Haushalts-Kommentar: Finanzminister ohne Füllhorn
Steinbrück kann nicht in die Zukunft investieren. Er sagt, er hätte die Investitionen "auf hohem Niveau" stabilisiert, doch es reicht nicht einmal für einen Inflationsausgleich.
Ulrike Herrmann ist Autorin für Wirtschaftspolitik in der taz.
Nur Optimisten können Finanzminister sein, sonst müssten sie an ihren Etats verzweifeln. Peer Steinbrück zum Beispiel rechnet fest damit, dass die deutsche Wirtschaft bis 2011 durchschnittlich um jährlich 1,75 Prozent wächst. Das ist ein sehr ambitioniertes Ziel - und deckt sich nicht mit den Wachstumsraten, die in der letzten Dekade erzielt wurden. Aber eine Konjunkturkrise kann Steinbrück überhaupt nicht gebrauchen, deswegen kann nicht sein, was nicht sein darf.
Verräterisch ist, dass der Haushaltsentwurf nur die guten Wachstumszahlen des ersten Quartals 2007 erwähnt - und nicht fortschreibt, dass sich die Konjunktur im zweiten Quartal schon abgeschwächt hat. Steinbrück muss fest an das Wirtschaftswachstum glauben. Denn nur ein Aufschwung bringt ihm die wenigen zusätzlichen Steuermilliarden, über die er frei verfügen kann.
Der restliche Etat ist komplett verplant. Wer böswillig ist, könnte den Bundeshaushalt deshalb auch "Kasse für Renten, Pensionen und Soziales" nennen, denn fast die Hälfte des Etats fließt in die Altersversorgung sowie an Hartz-IV-Empfänger. Beides sorgt immer wieder für öffentlichen Unmut und wird gern genutzt, um zu behaupten, der Sozialstaat sei nicht mehr finanzierbar. Doch das ist Unsinn. Der Sozialstaat ist nur verwirrend finanziert. Der Rentenzuschuss, zum Beispiel, hat mit der Rentenversicherung eigentlich gar nichts zu tun. Er kommt vielmehr für die "versicherungsfremden Leistungen" auf, die der Staat bei den Rentenkassen deponiert hat. Denn Millionen von Menschen erhalten in Deutschland Renten, obwohl sie nie entsprechend in die Rentenkasse eingezahlt haben: Das beginnt bei den Aussiedlern und endet bei den Müttern, die Erziehungszeiten angerechnet bekommen. Es kann nicht sein, dass nur die sozialversicherten Angestellten für diese Lasten aufkommen sollen. Das ist zu Recht eine Gemeinschaftsaufgabe, die durch Steuern finanziert wird.

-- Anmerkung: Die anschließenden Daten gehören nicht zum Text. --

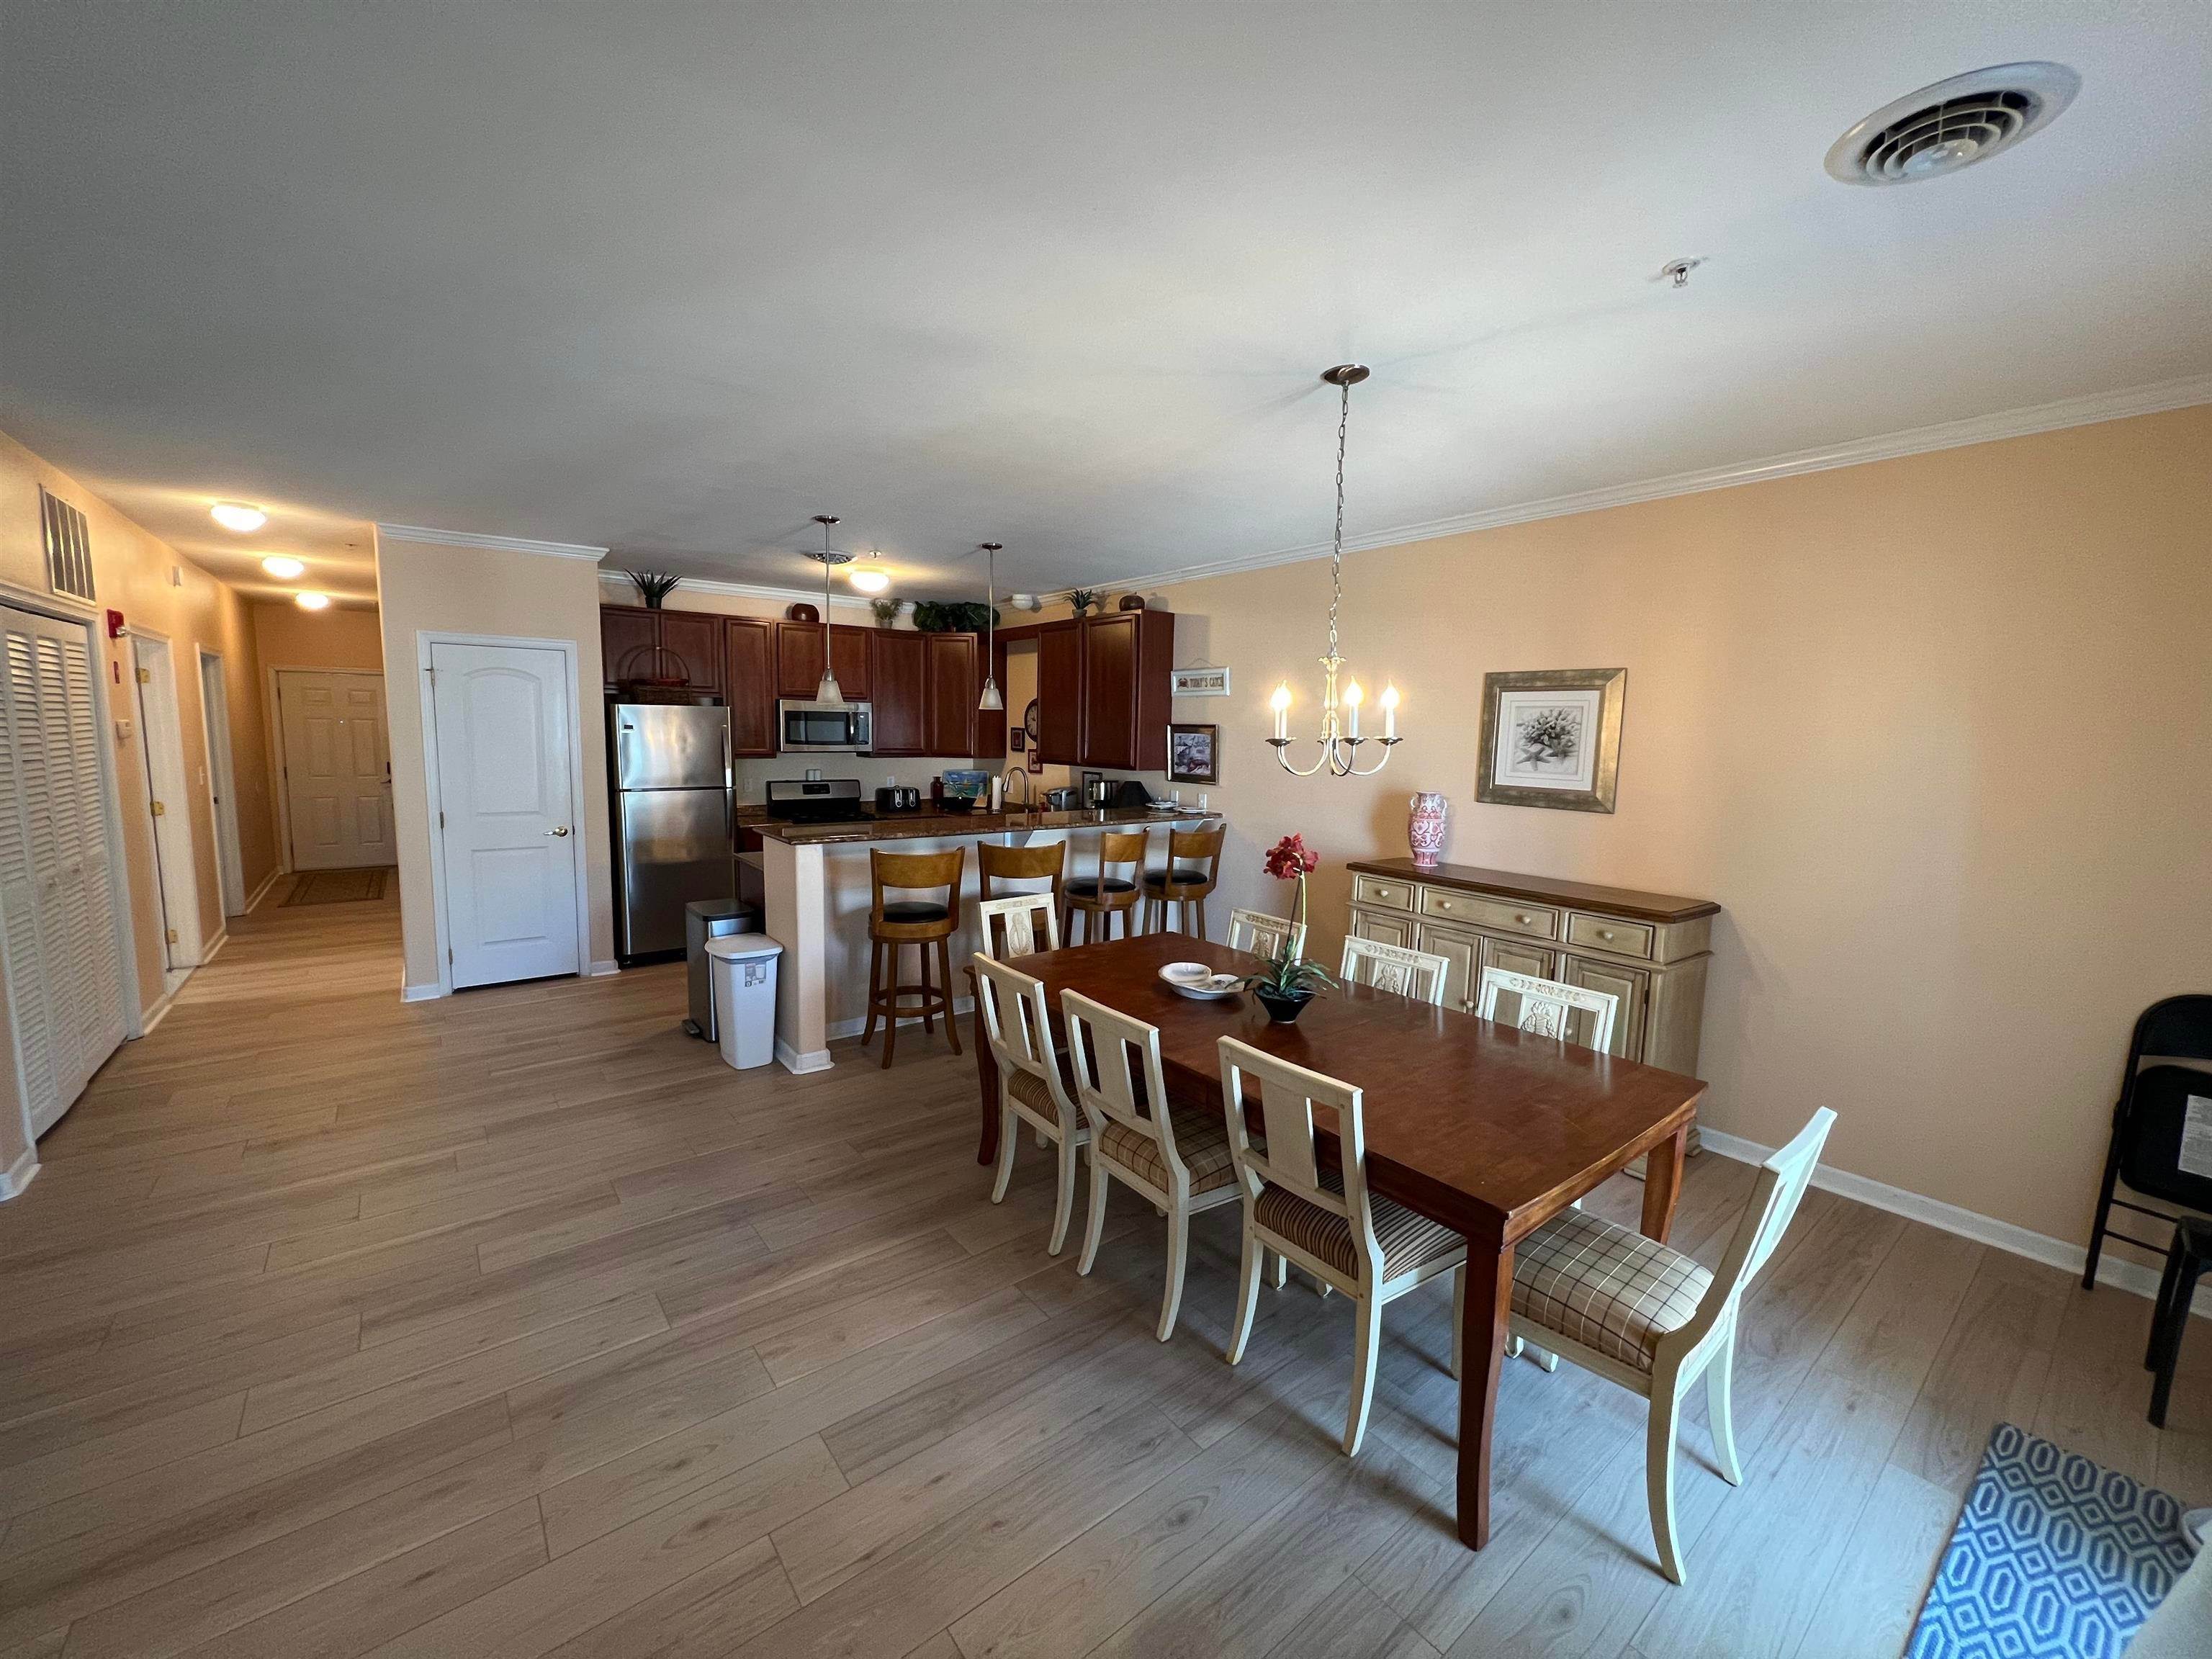 18. Condominiums for Sale at 501 E Stockton Road Wildwood Crest, New Jersey 08260 United States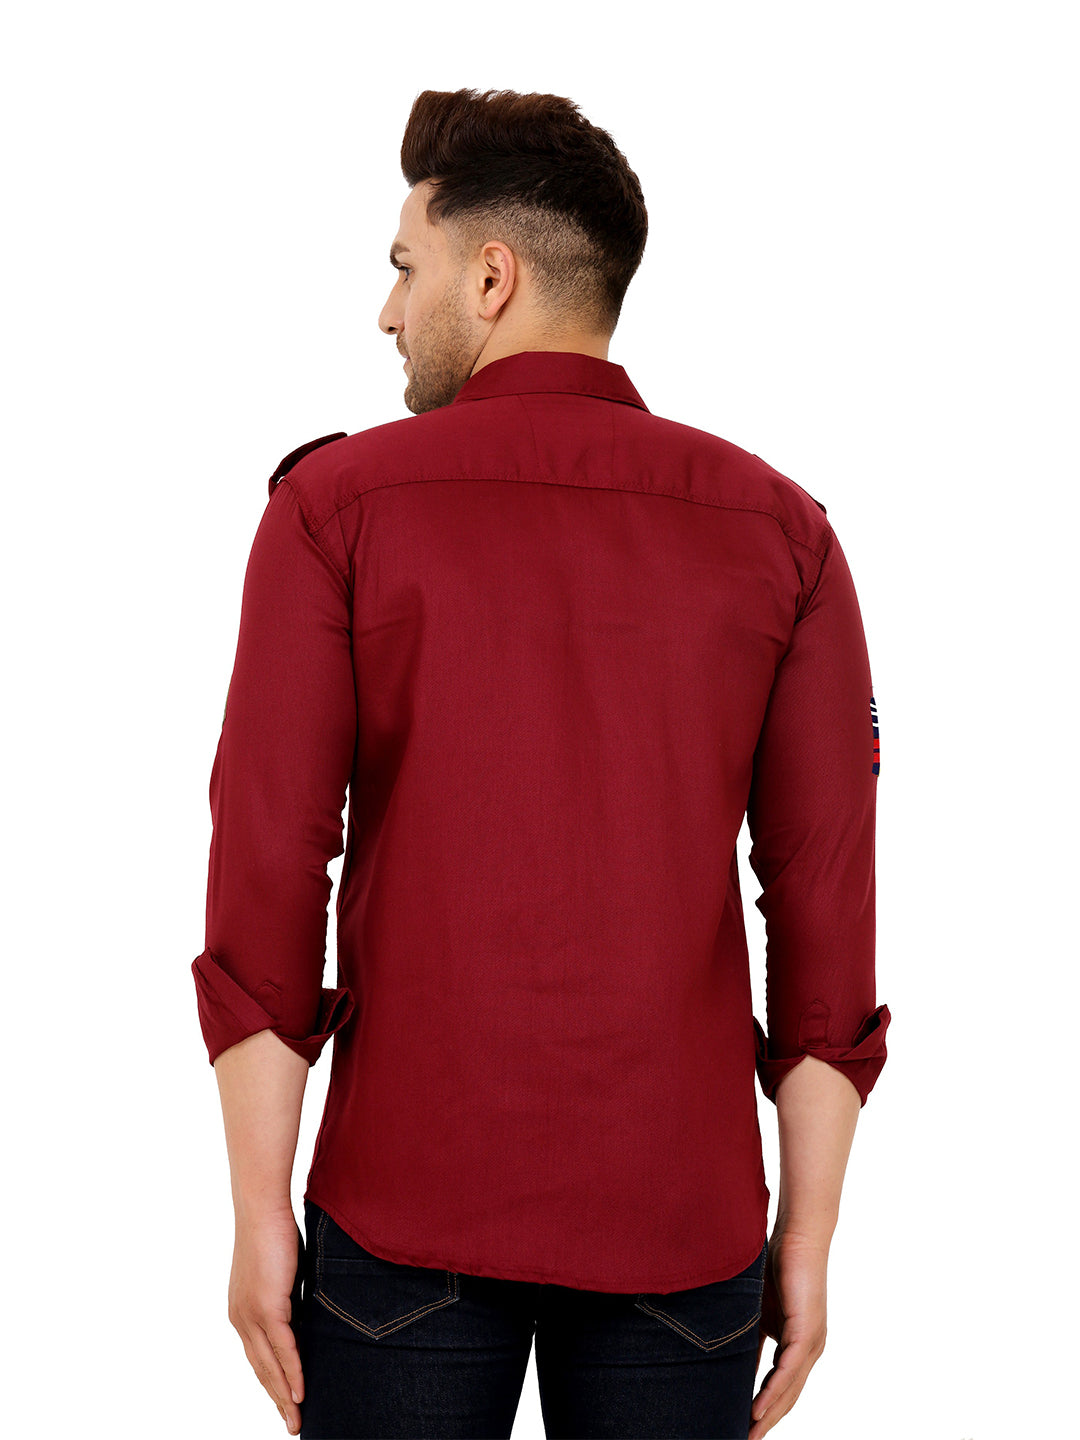 Men's Stylish Cotton Casual Shirt | Affordable and Trendy Fashion ( Maroon )

Für den Finanzminister aber sind die Folgen unerfreulich: Er kann nicht in die Zukunft investieren. Sein Etat ist so eingeschnürt, dass ihm nichts bleibt, als tapfer zu behaupten, er hätte die Investitionen "auf hohem Niveau" stabilisiert. Tatsächlich reicht es noch nicht einmal für einen Inflationsausgleich. Auch für Wissenschaft und Forschung bleibt nur wenig übrig - und das mitten im Boom!
Es rächt sich, dass Deutschland auf der Ideologie des "schlanken Staats" beharrt. Es ist unmöglich, zugleich den Haushalt zu konsolidieren, Unternehmensteuern zu senken und in die Zukunft zu investieren. Es ist zu befürchten, dass von diesen drei Zielen am Ende nur das eine falsche erreicht wird: die Steuersenkung für Großkonzerne.